Confía en el Señor y haz el bien, habita tu tierra y practica la lealtad;
sea el Señor tu delicia, y él te dará lo que pide tu corazón.
Encomienda tu camino al Señor, confía en él, y él actuará:
hará tu justicia como el amanecer, tu derecho como el mediodía.
Apártate del mal y haz el bien, y siempre tendrás una casa;
porque el Señor ama la justicia y no abandona a sus fieles.
El Señor es quien salva a los justos, él es su alcázar en el peligro;
el Señor los protege y los libra, los libra de los malvados
y los salva porque se acogen a él.
«Finding Sanctuary» © Usado bajo licencia no comercial Creative Commons
Yo soy quien salva a los justos.
Confía en mí, haz el bien, vive donde te toque vivir,
pero sé leal a mí, que soy tu Dios, y a tus gentes y a tu mundo.
Yo seré tu delicia, y te daré lo que pida tu corazón.
Fíate de mí.
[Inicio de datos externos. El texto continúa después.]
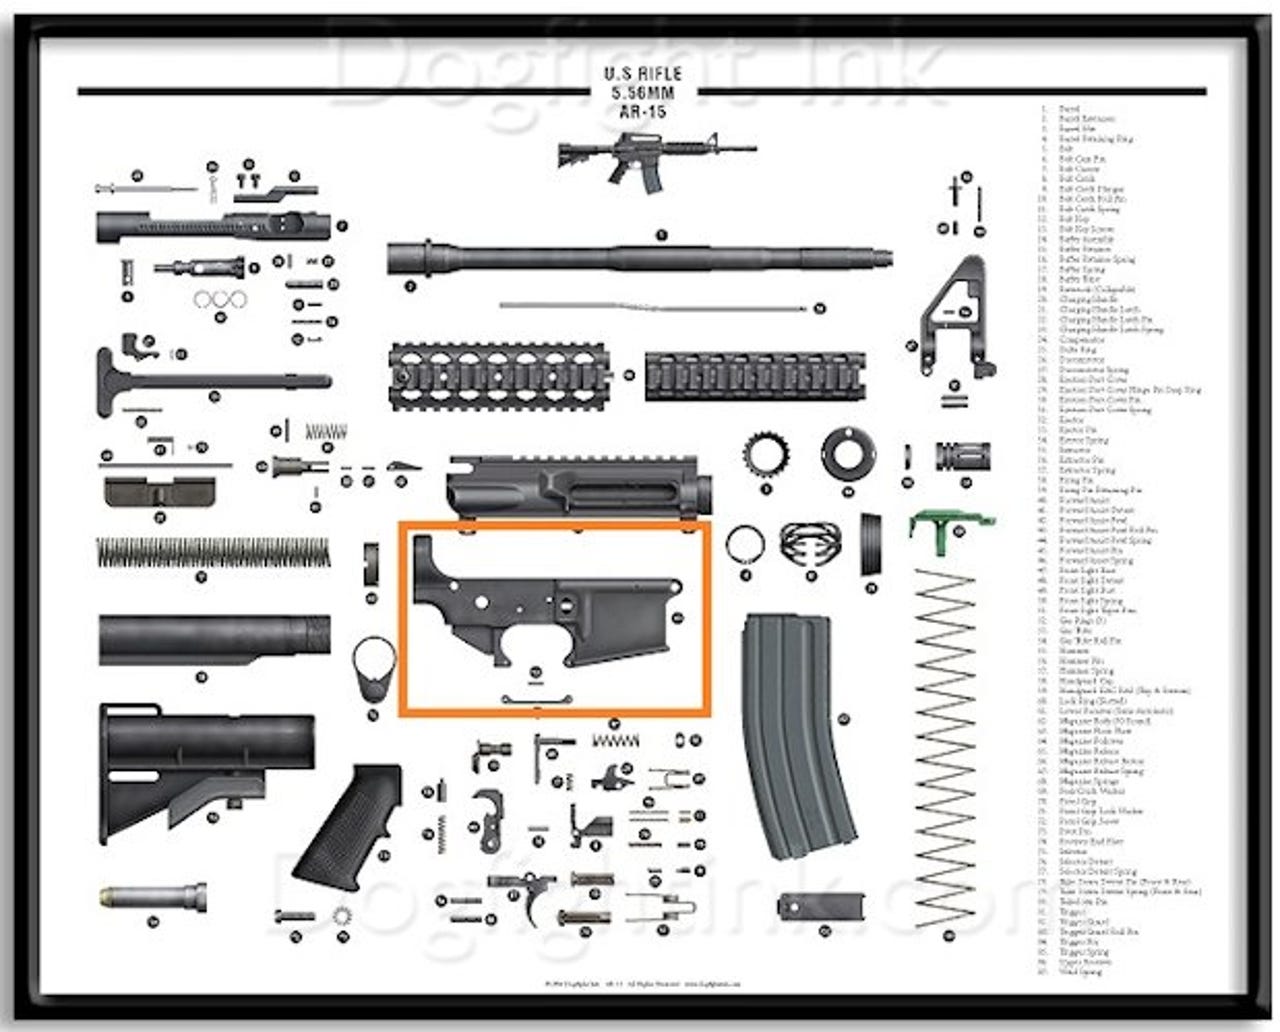 The printed part is just one of more than 70 parts needed to build a gun
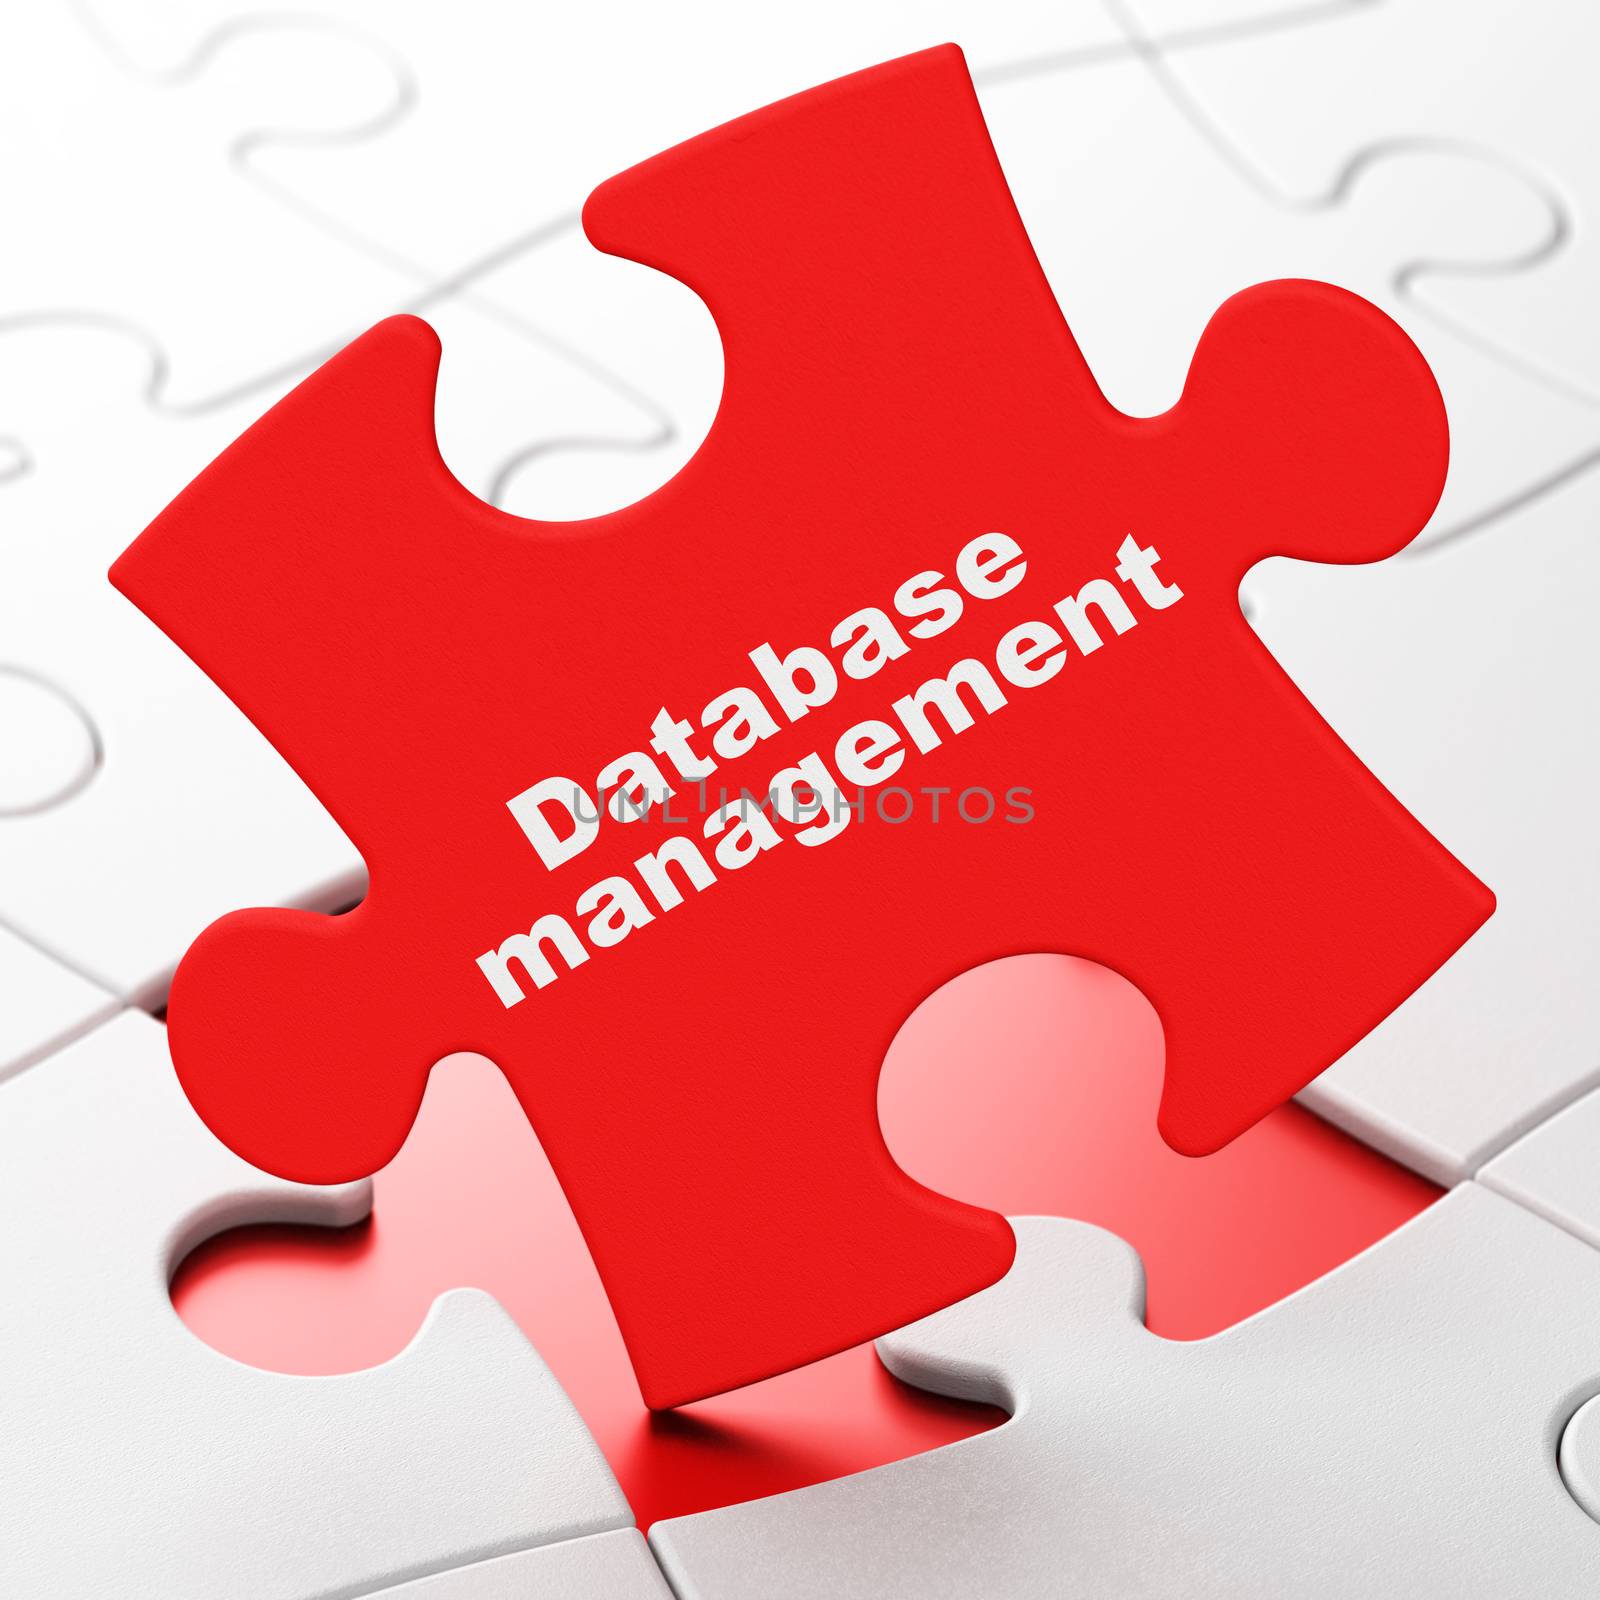 Database concept: Database Management on Red puzzle pieces background, 3D rendering

Pon tu camino en mis manos, confía en mí, y actuaré.
Tan seguro como que hay amanecer, yo te haré justicia.
Tan seguro como que hay mediodía, habrá derecho para ti.
Apártate del mal y haz el bien, y mi casa será siempre tuya,
porque yo amo la justicia y no abandono a los fieles.
Yo soy quien salva a los justos, yo soy tu refugio en el peligro.
Yo te protegeré y te libraré de los malvados.
Te salvo porque te fías de mí.
(Rezandovoy, el Salmo 36, a la manera de Dios)
Guíame, Señor, mi luz,
en las tinieblas que me rodean,
¡guíame hacia delante!
La noche es oscura y estoy lejos de casa:
¡Guíame Tú!
¡Dirige Tú mis pasos!
No te pido ver claramente el horizonte lejano:
me basta con avanzar un poco…
No siempre he sido así,
no siempre Te pedí que me guiases Tú.
Me gustaba elegir yo mismo y organizar mi vida…
pero ahora, ¡guíame Tú!
Me gustaban las luces deslumbrantes
y, despreciando todo temor,
el orgullo guiaba mi voluntad:
Señor, no recuerdes los años pasados…
Durante mucho tiempo tu paciencia me ha esperado:
sin duda, Tú me guiarás por desiertos y pantanos,
por montes y torrentes
hasta que la noche dé paso al amanecer
y me sonría al alba el rostro de Dios:
¡tu Rostro, Señor!
(John Henry Newman)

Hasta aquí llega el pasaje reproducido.